• _Exercise instructions_
In this exercise, return only the lines that run from the line with "Xmas-Holidays.jpg" to the end of the entries below, both included. Pictures are not copied.

• _Records to use_
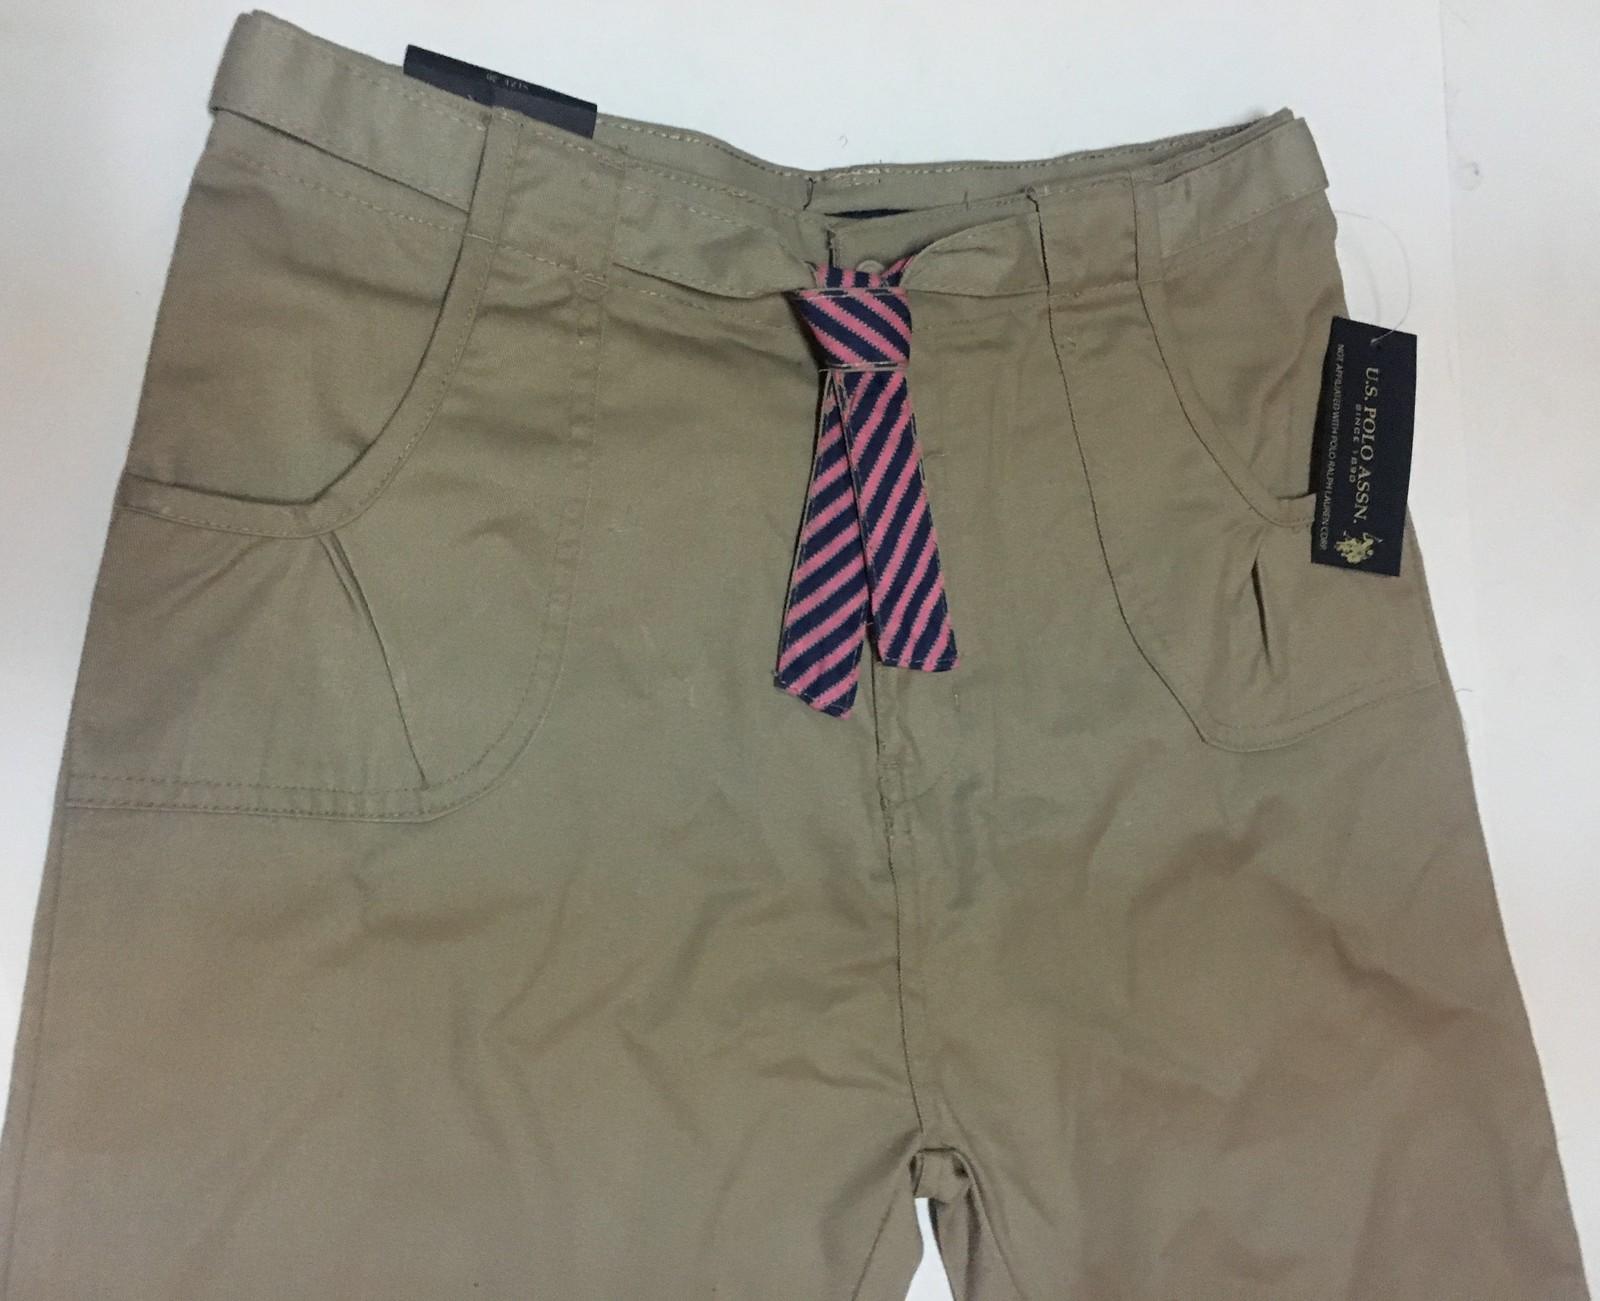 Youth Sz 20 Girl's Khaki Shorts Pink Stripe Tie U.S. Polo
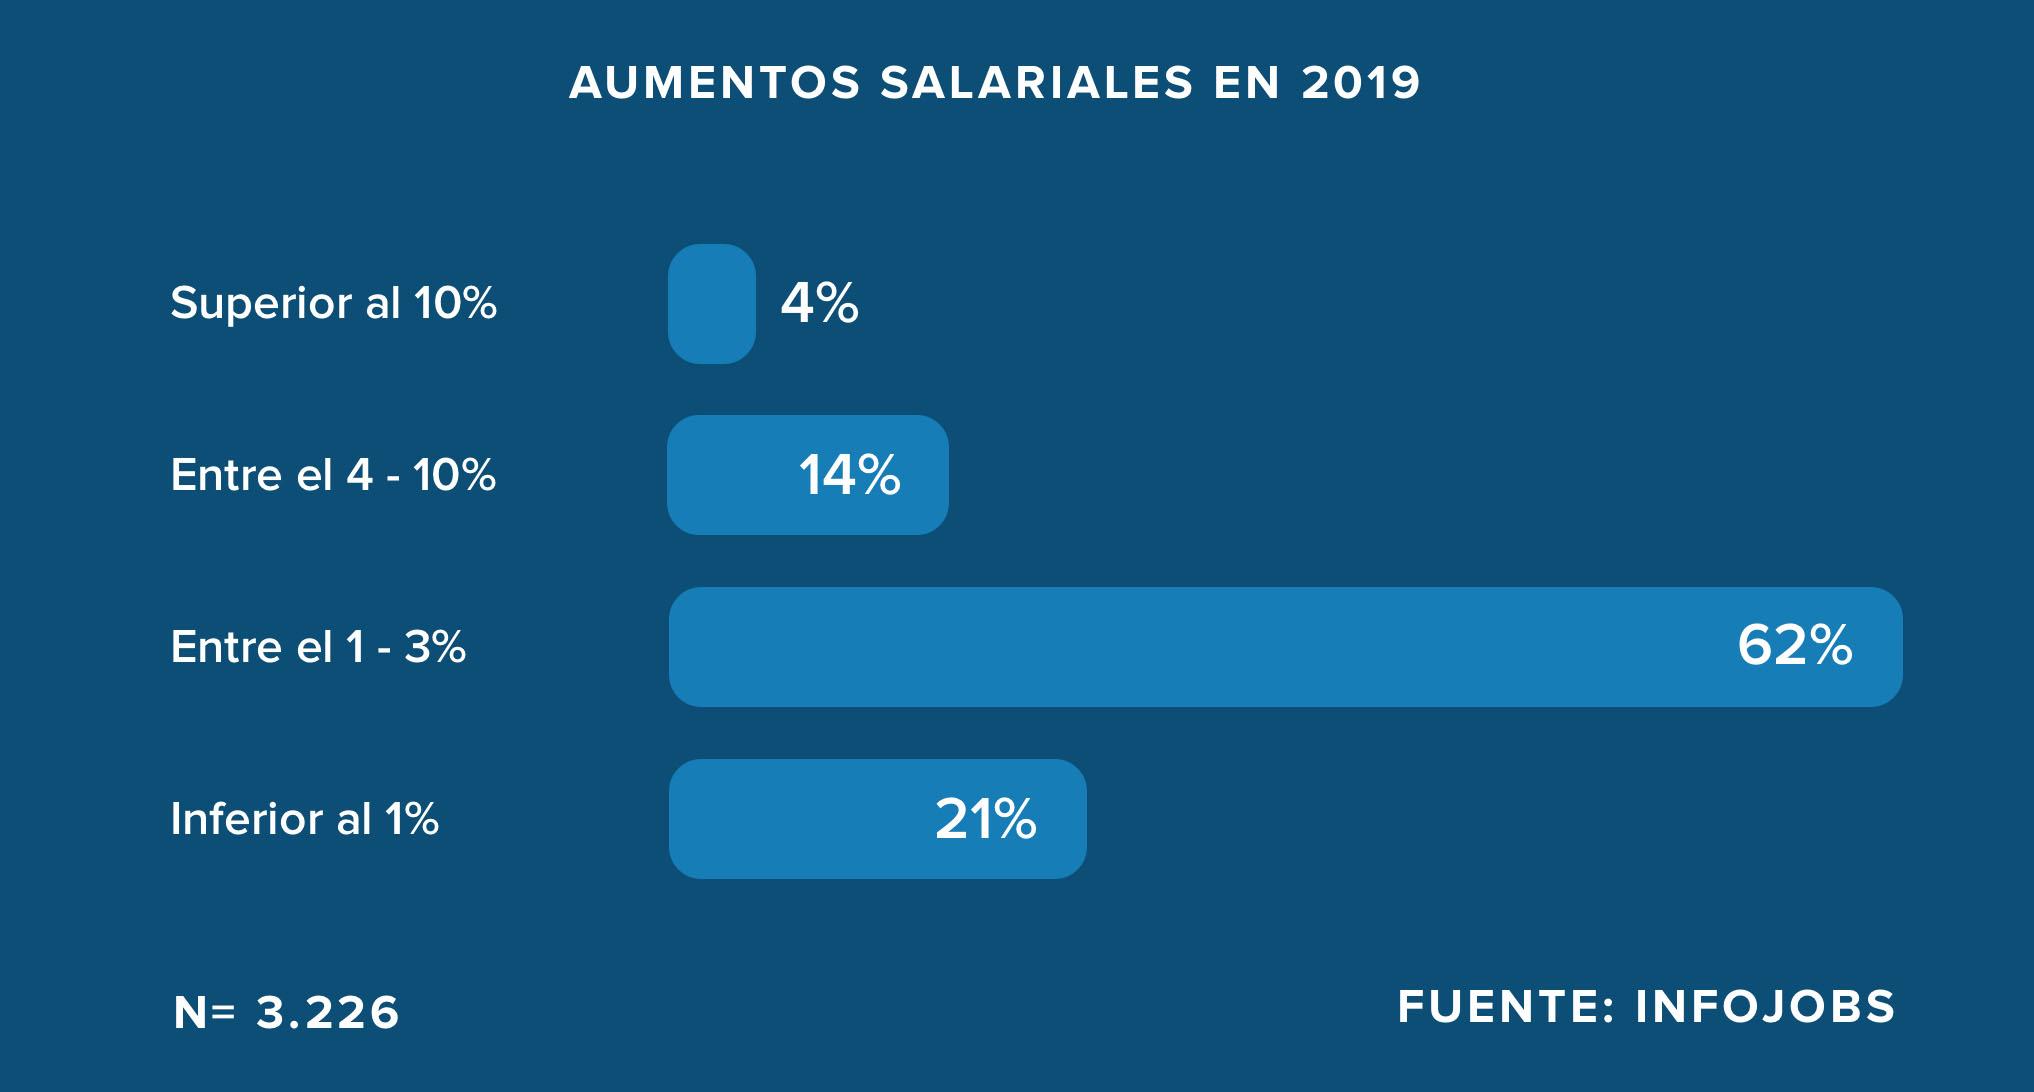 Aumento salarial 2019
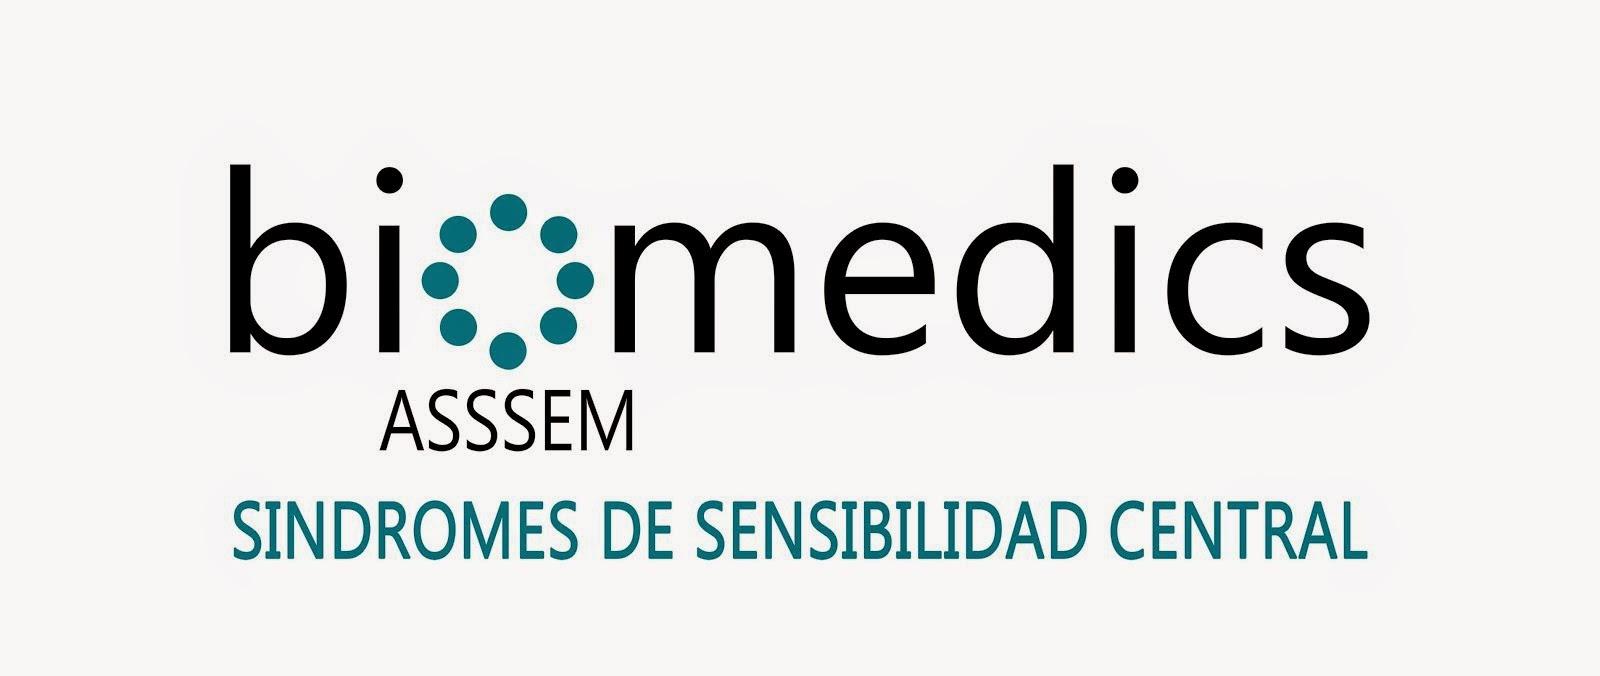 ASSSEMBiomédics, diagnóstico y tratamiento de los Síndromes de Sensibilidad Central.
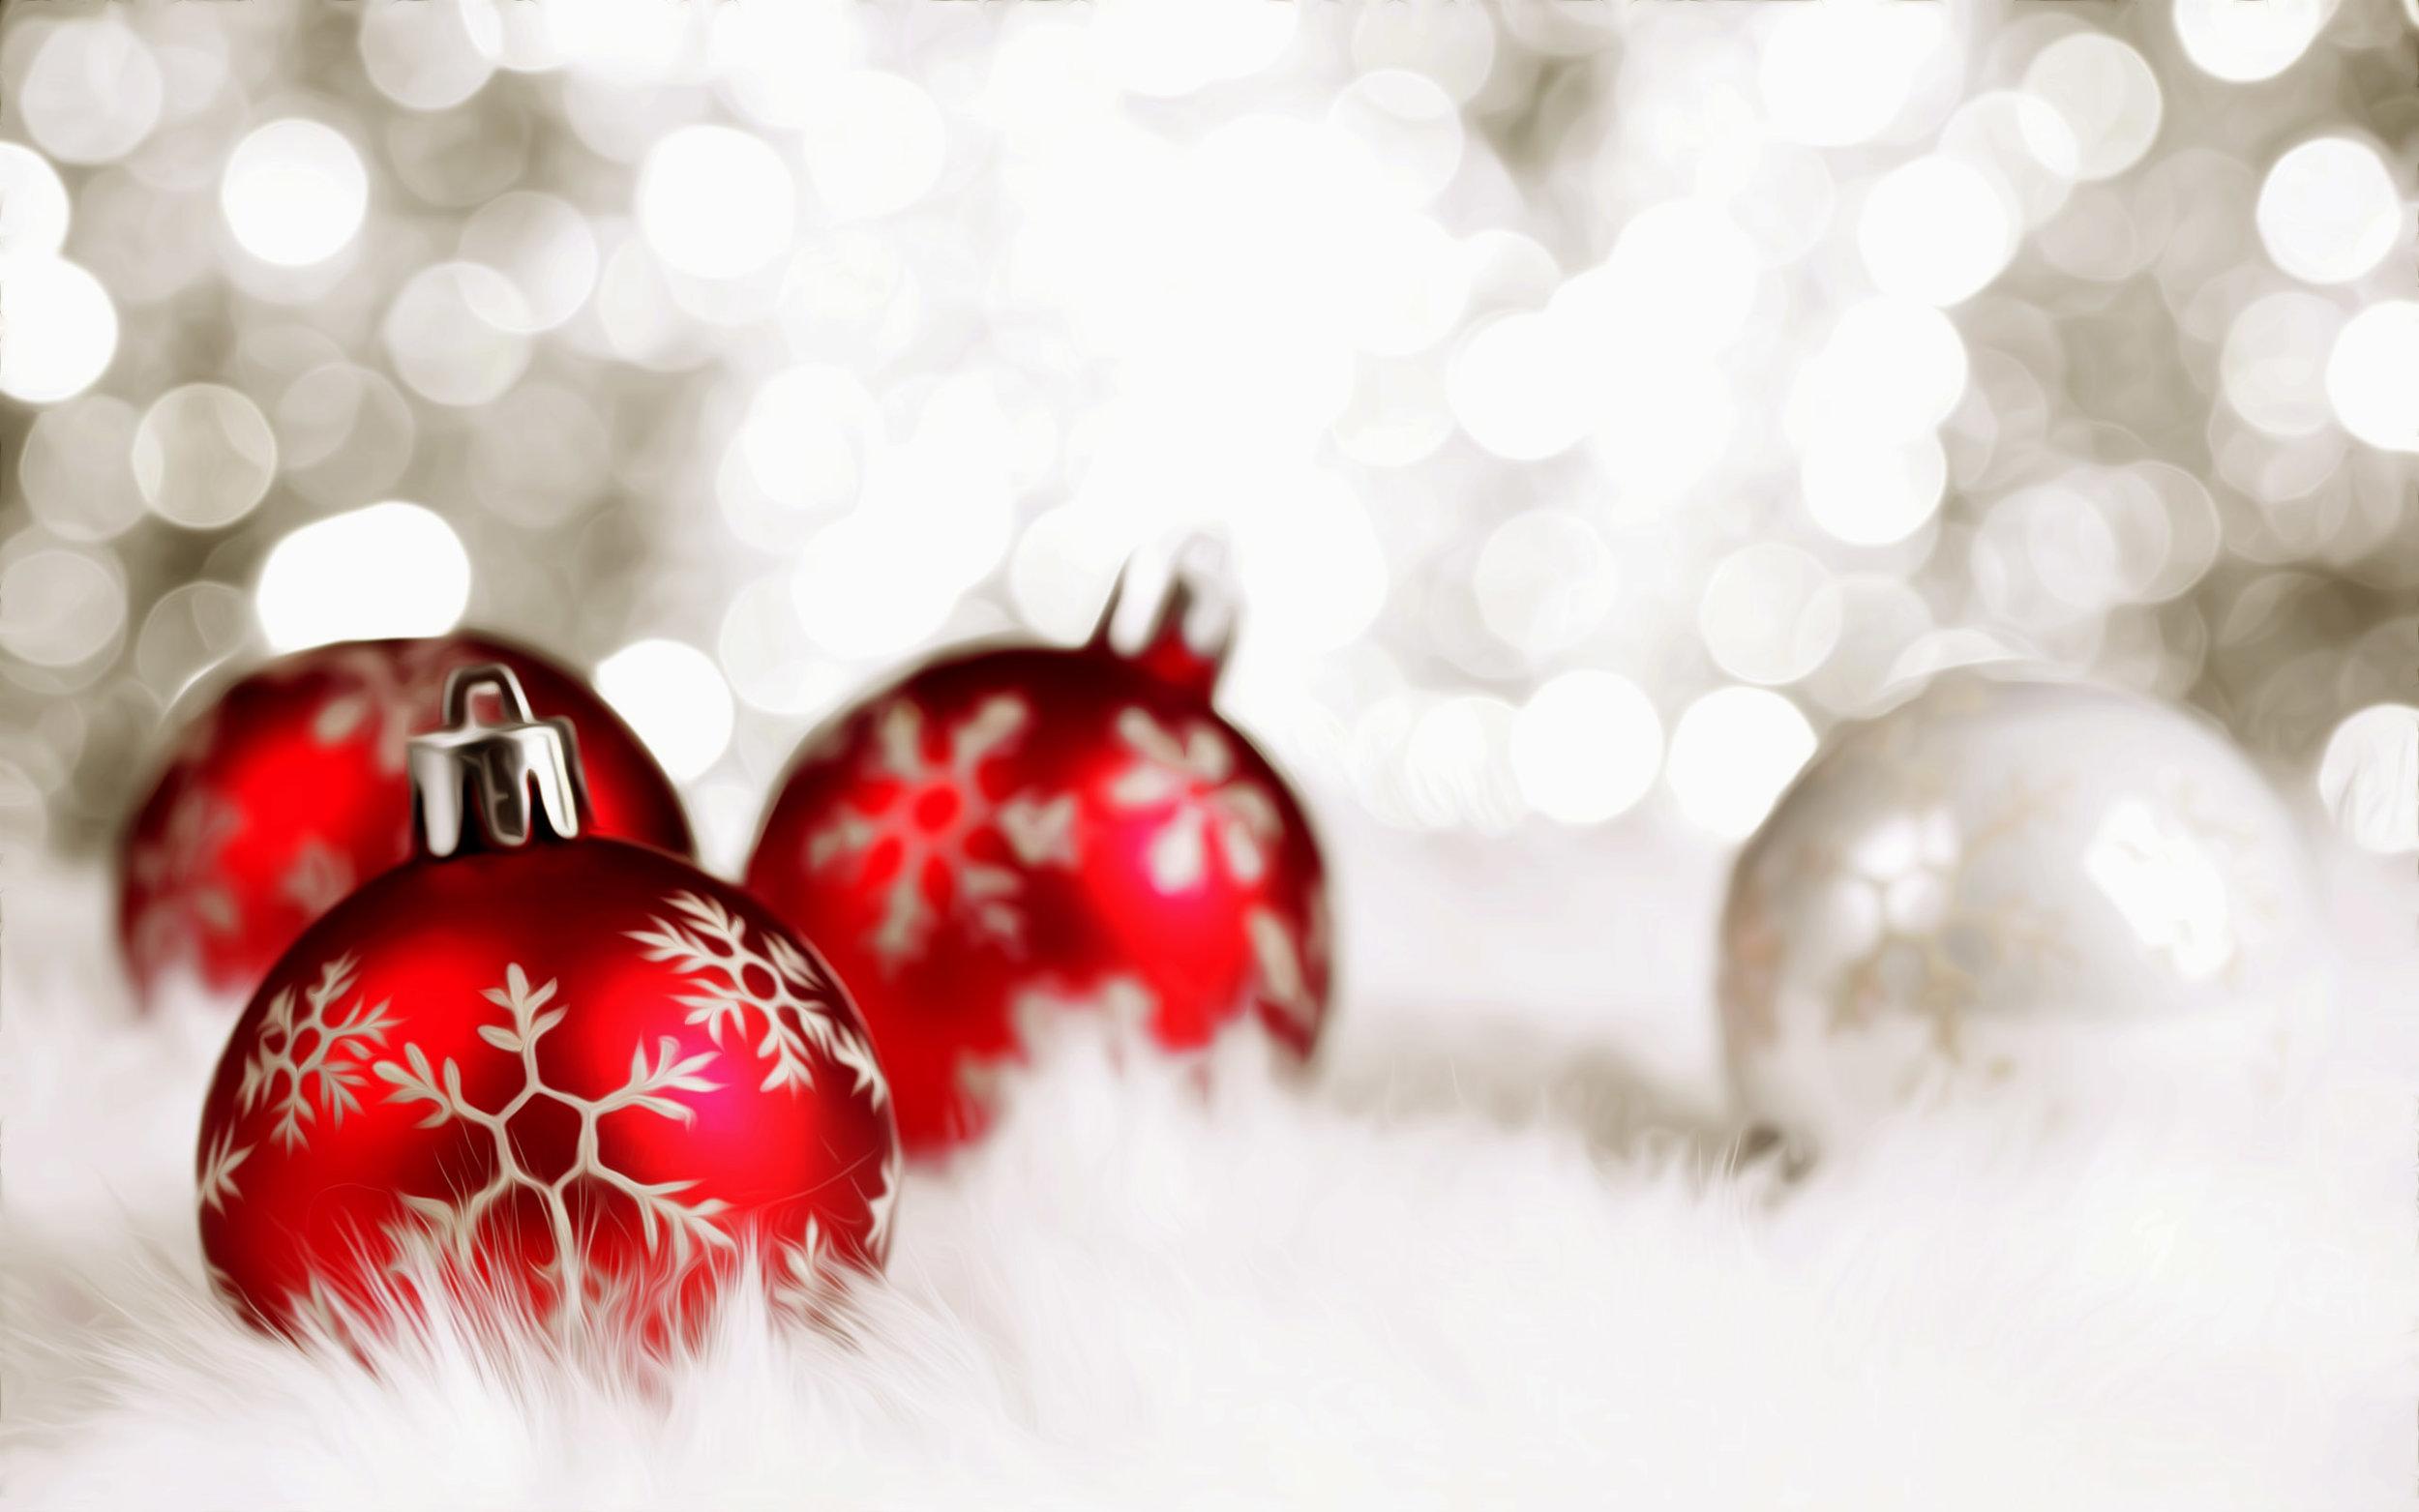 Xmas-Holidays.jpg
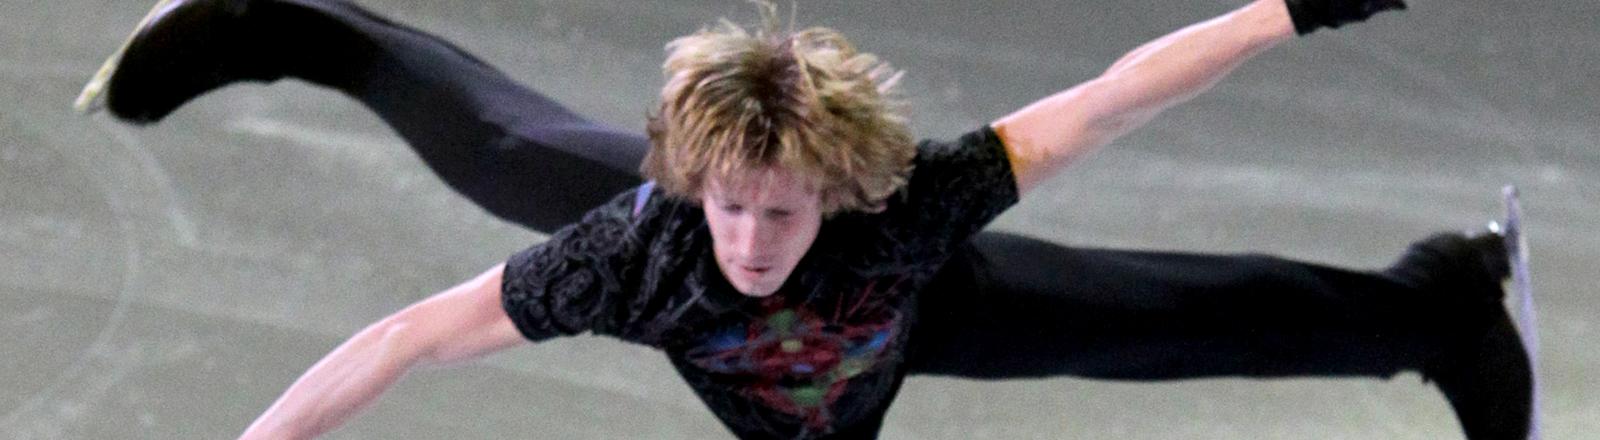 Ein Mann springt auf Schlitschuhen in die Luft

• _Response to the task_
 Xmas-Holidays.jpg
 Ein Mann springt auf Schlitschuhen in die Luft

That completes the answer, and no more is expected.